Collected material =
===

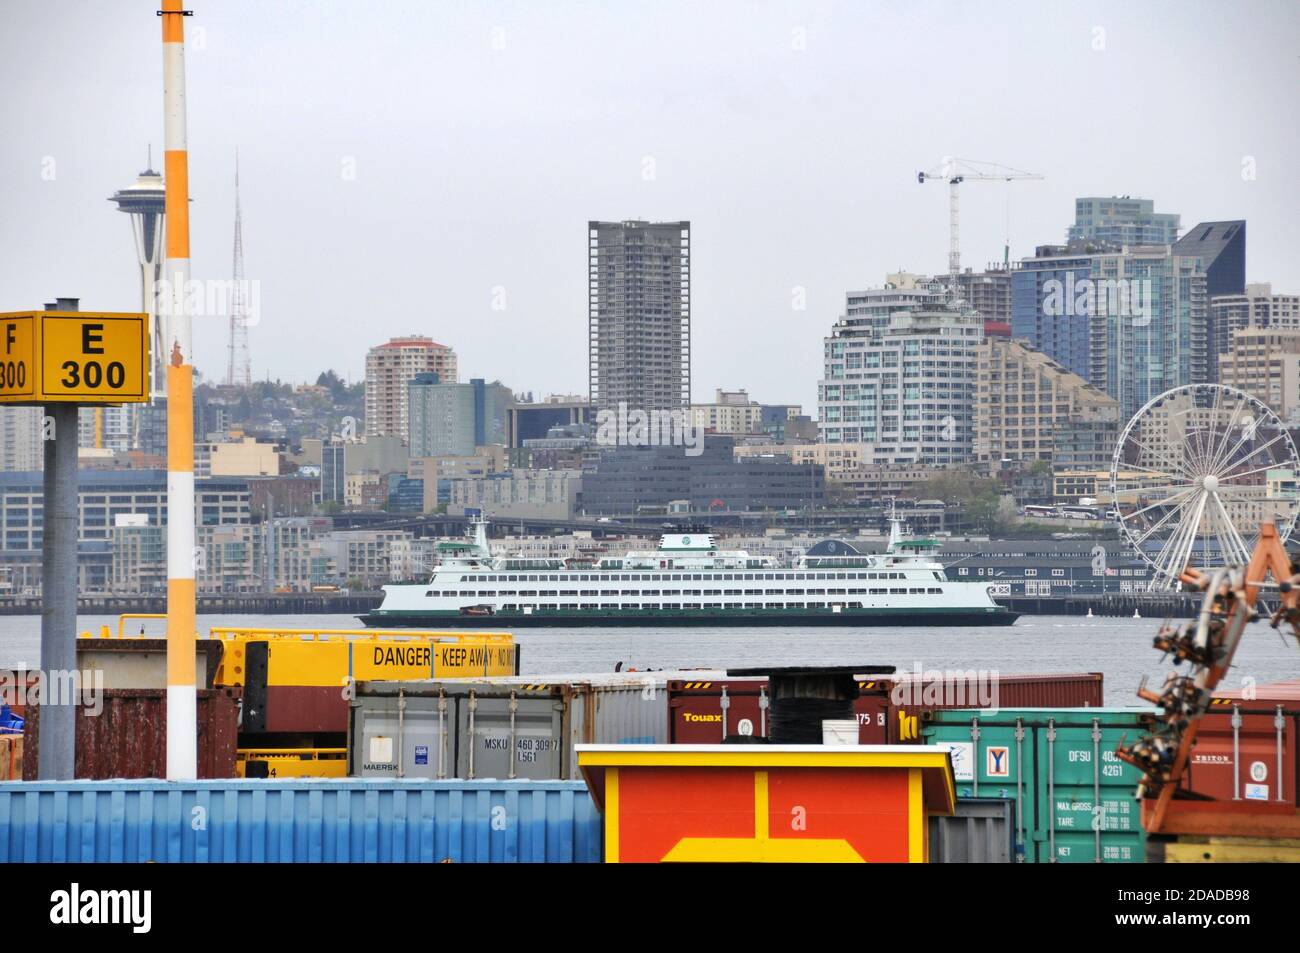 View of shipping dock and Seattle cityscape in the background including Space Needle, Ferris wheel and WA ferry, WA, USA. Stock Photo
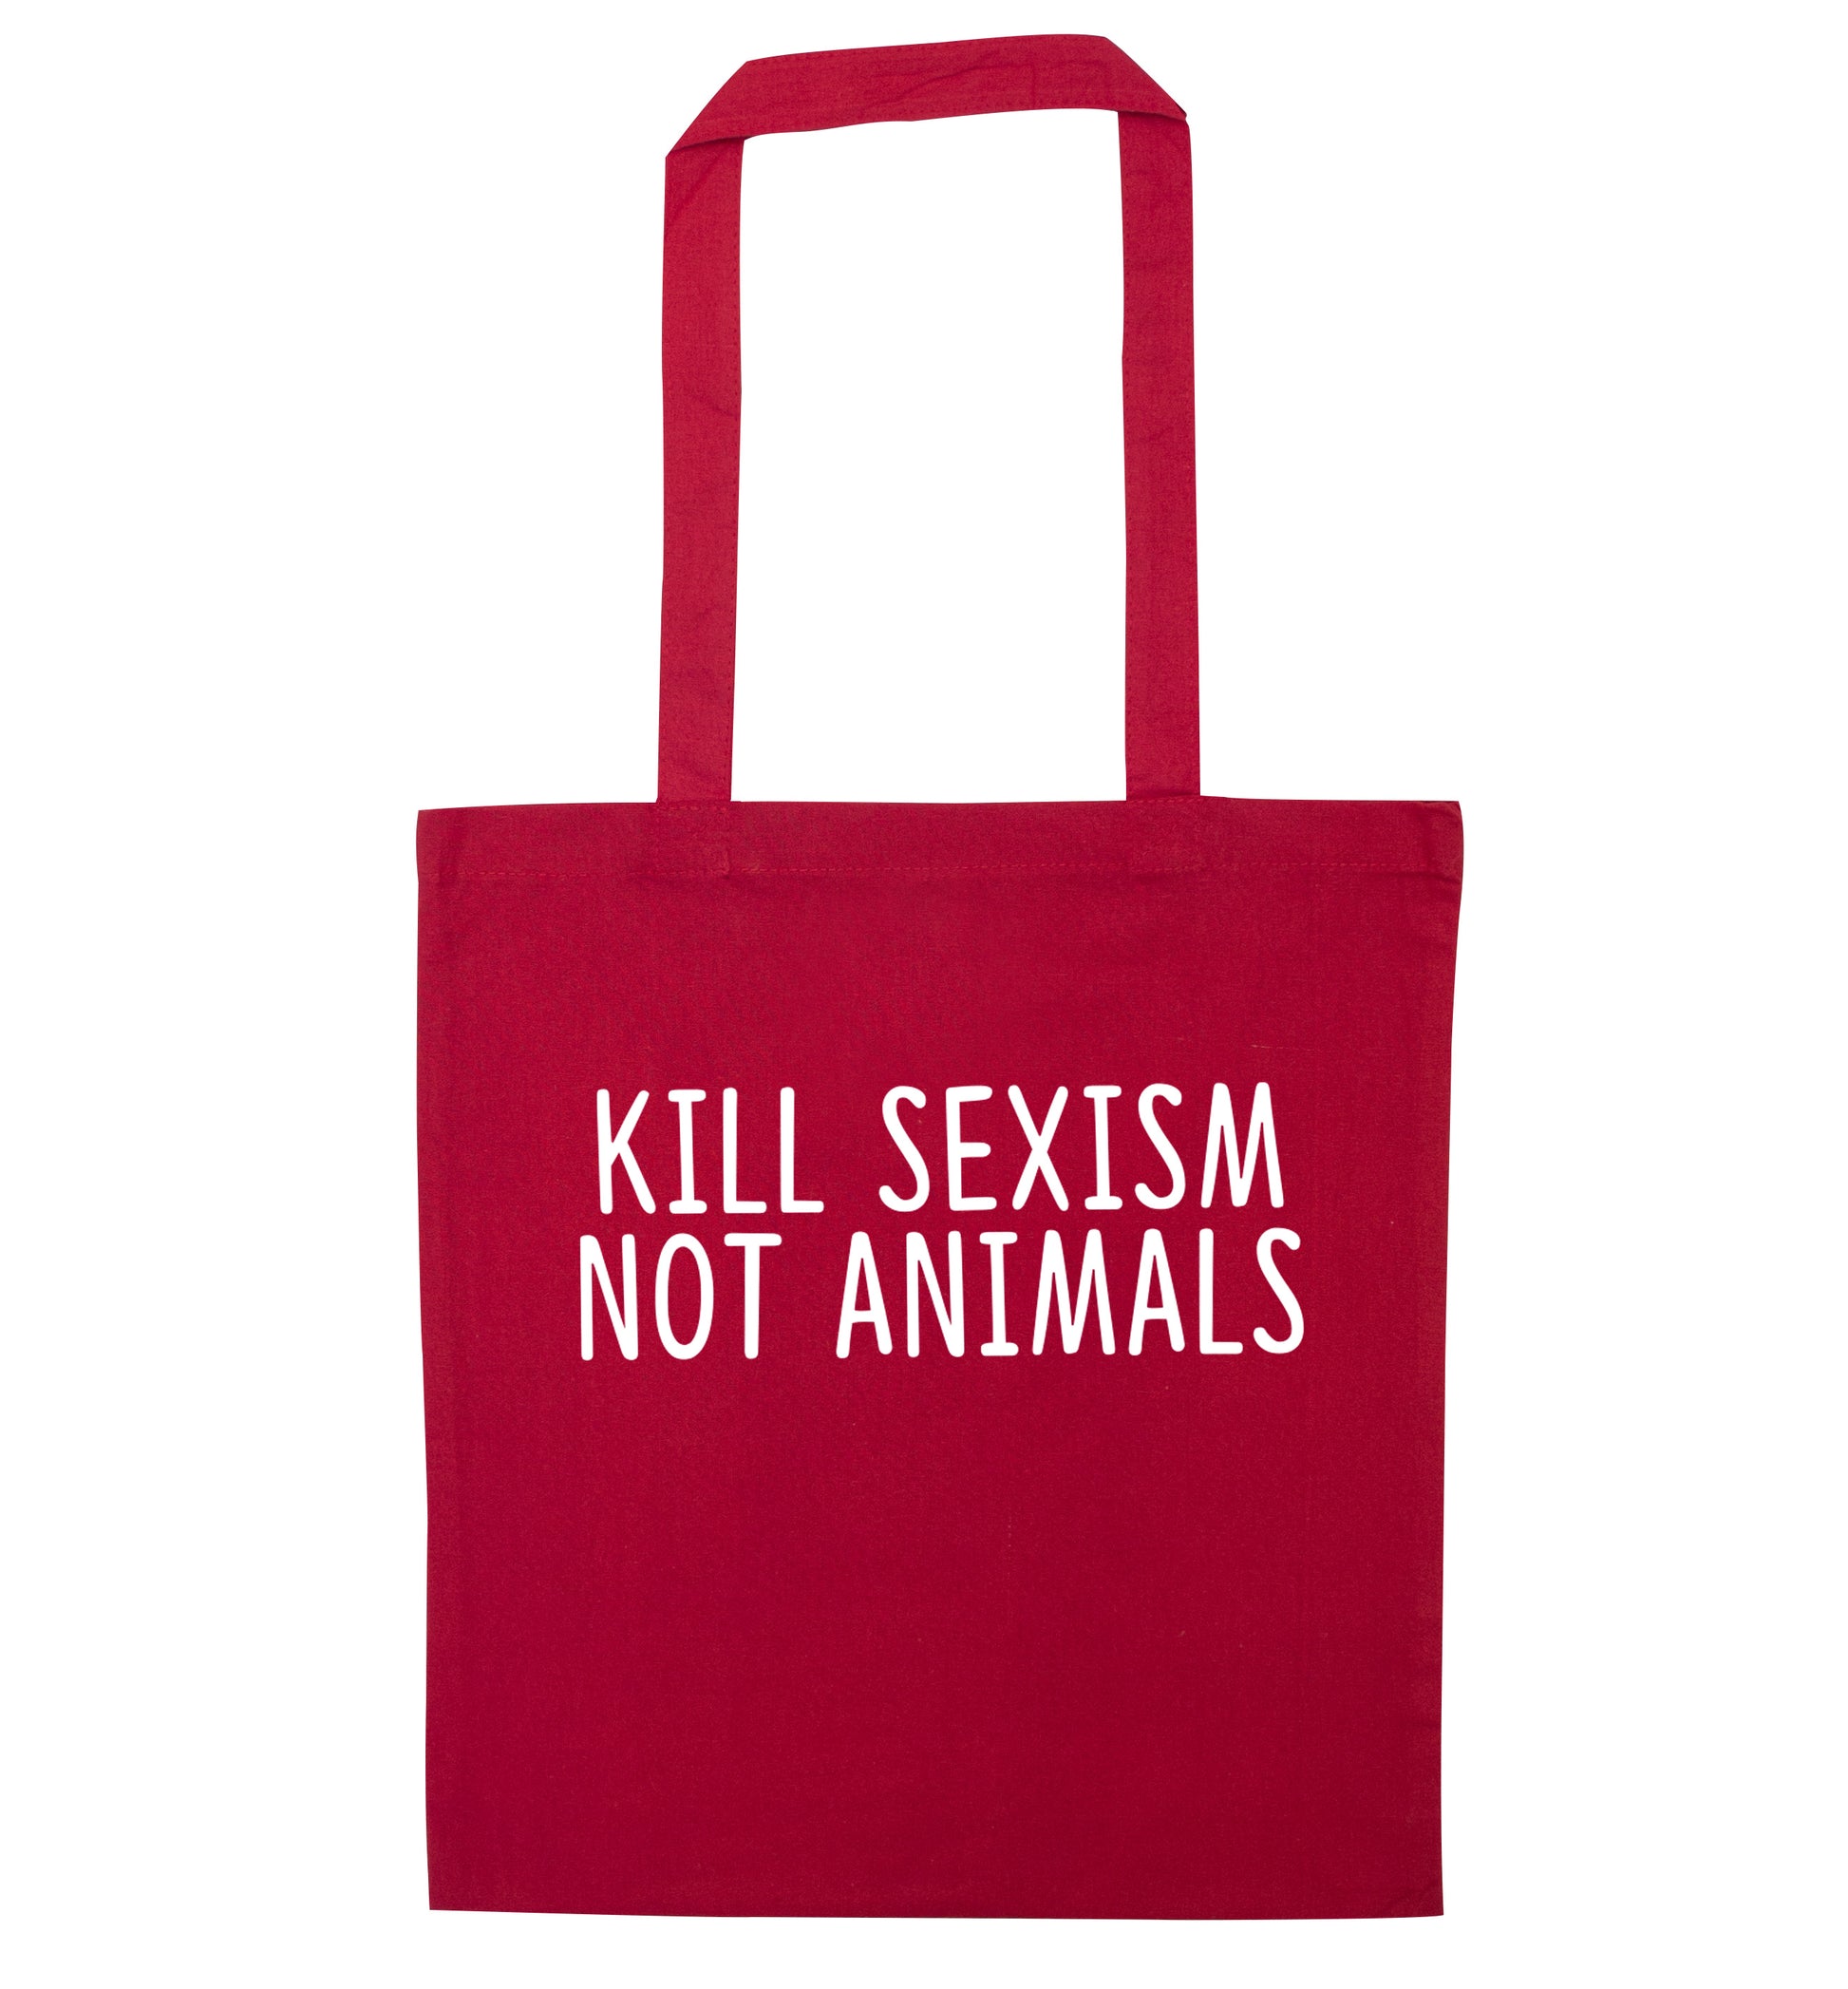 Kill Sexism Not Animals red tote bag
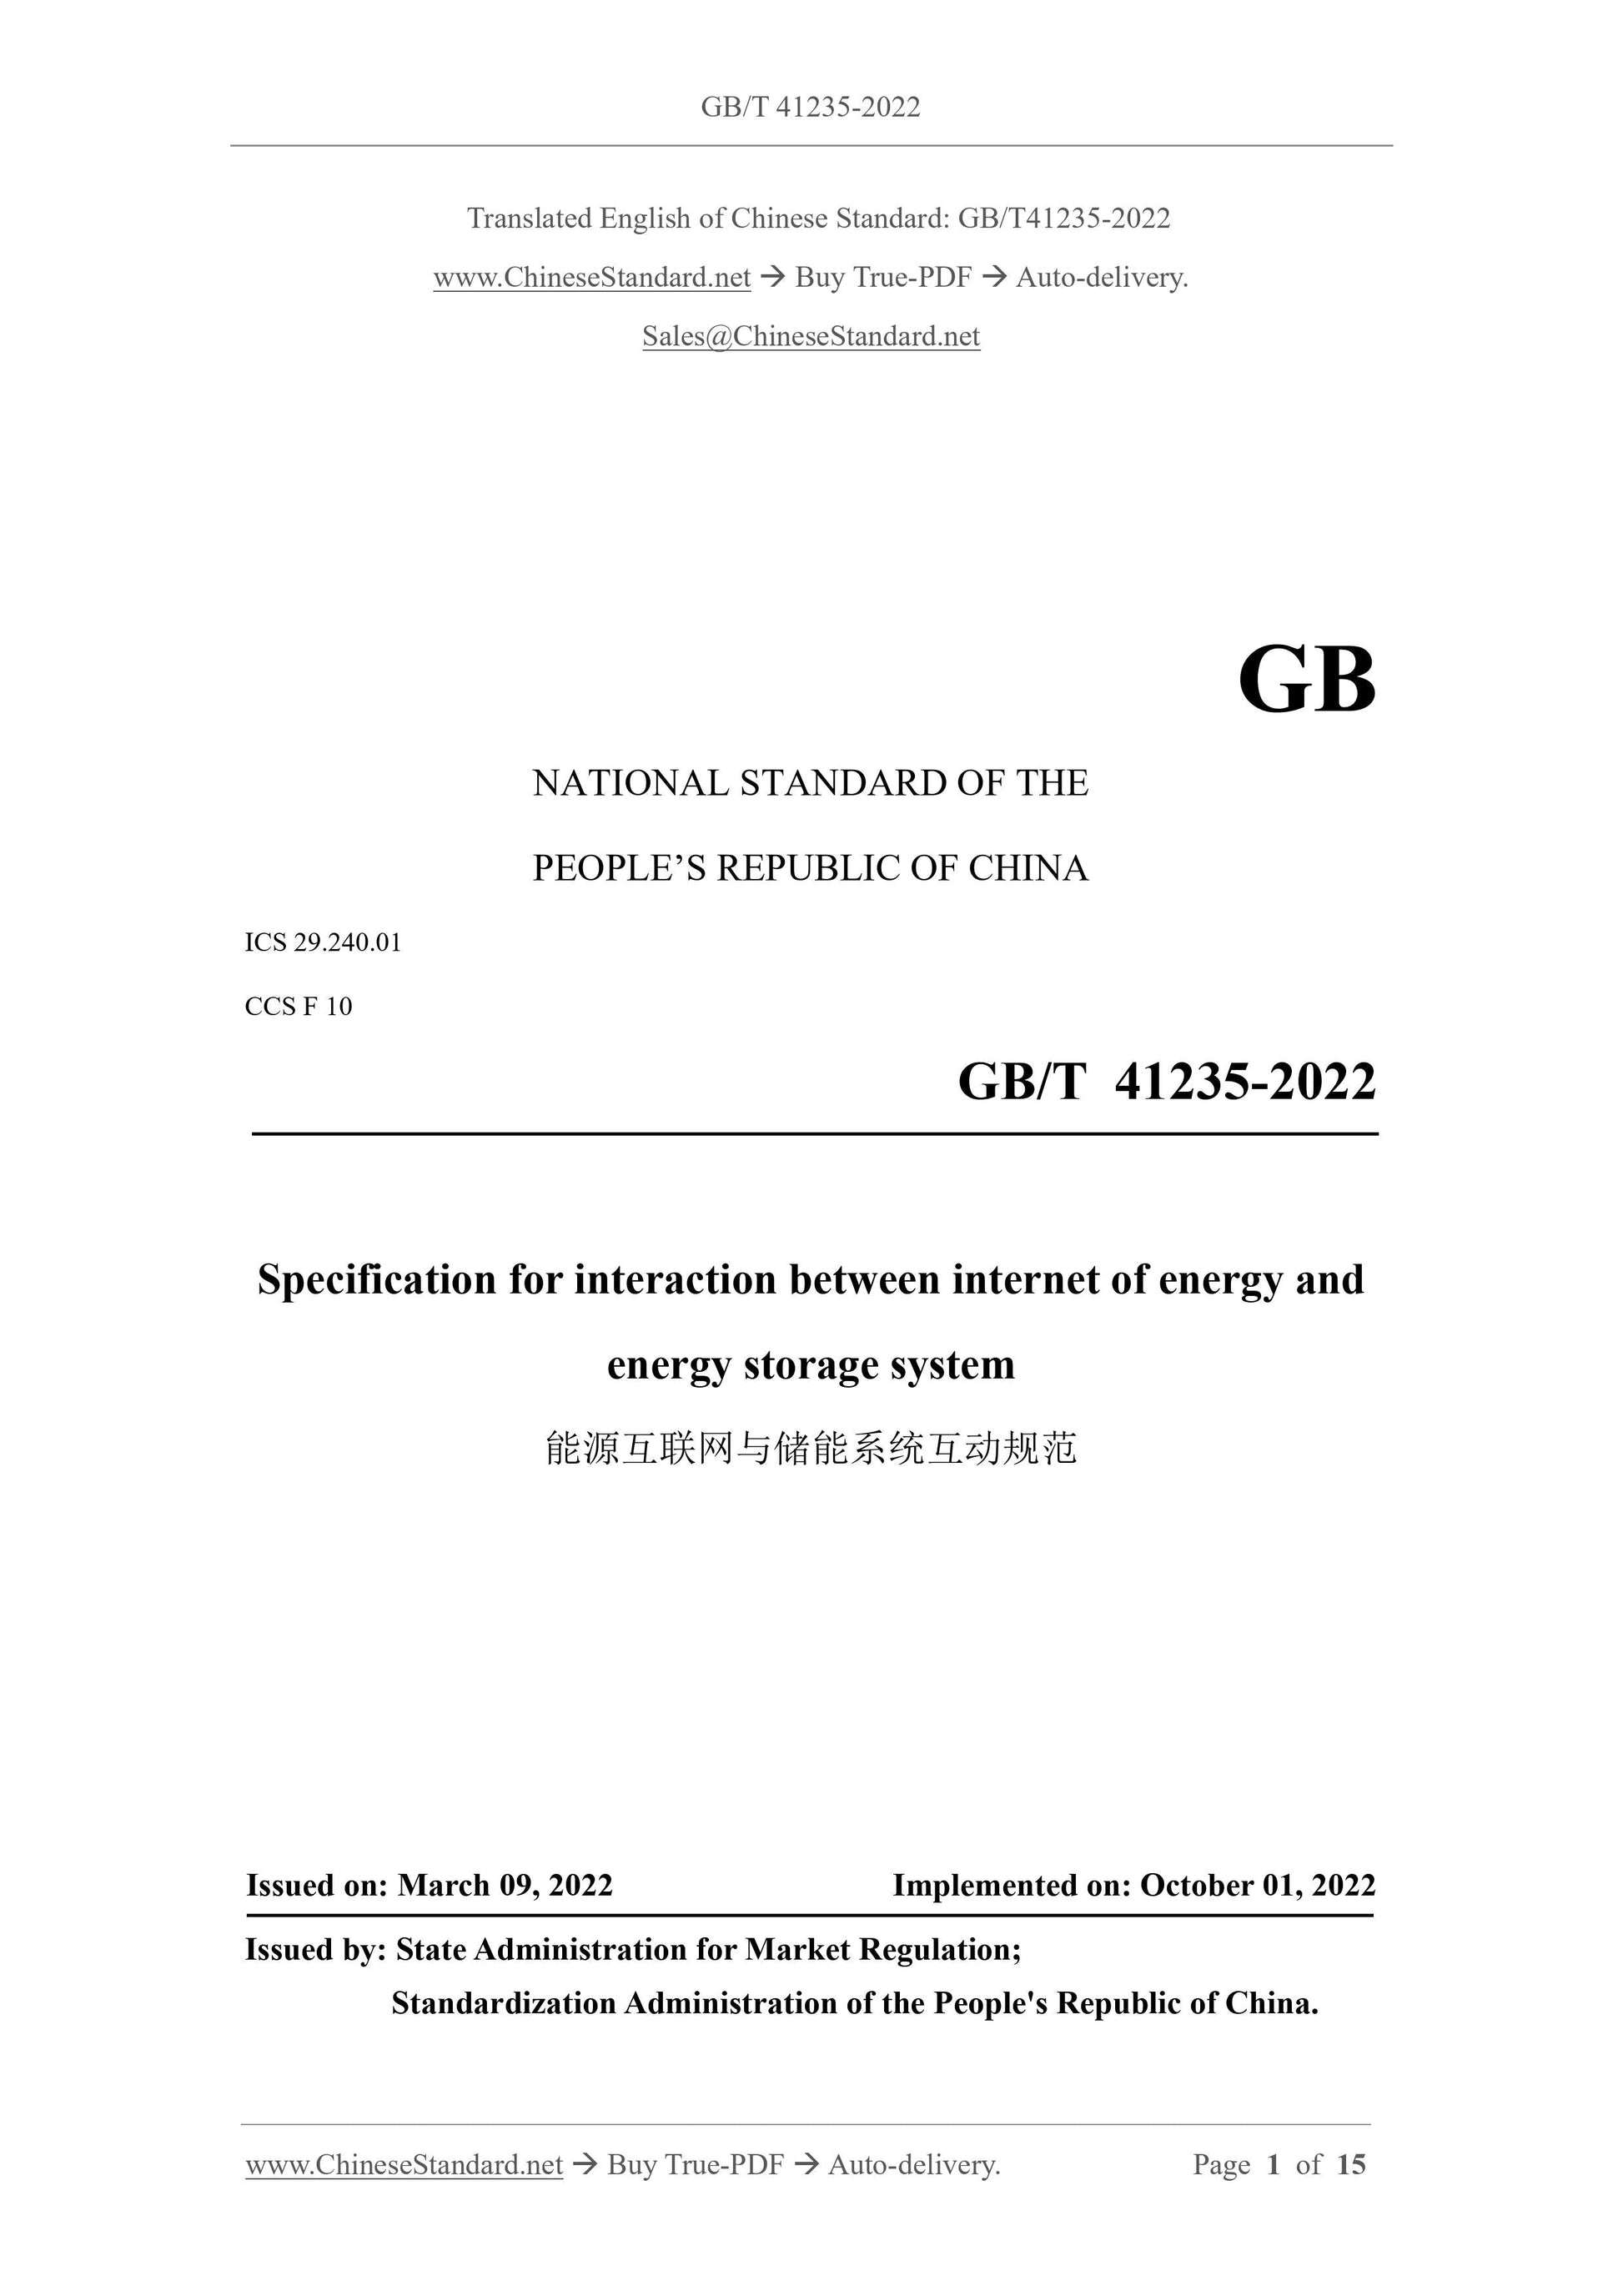 GB/T 41235-2022 Page 1

===

What you are asked to do = Beginning with the line that bears "Kill Sexism Not Animals red tote bag", output each line through the last line of the listing exactly, and no others; skip the pictures.

Expected answer =
 Kill Sexism Not Animals red tote bag
 GB/T 41235-2022 Page 1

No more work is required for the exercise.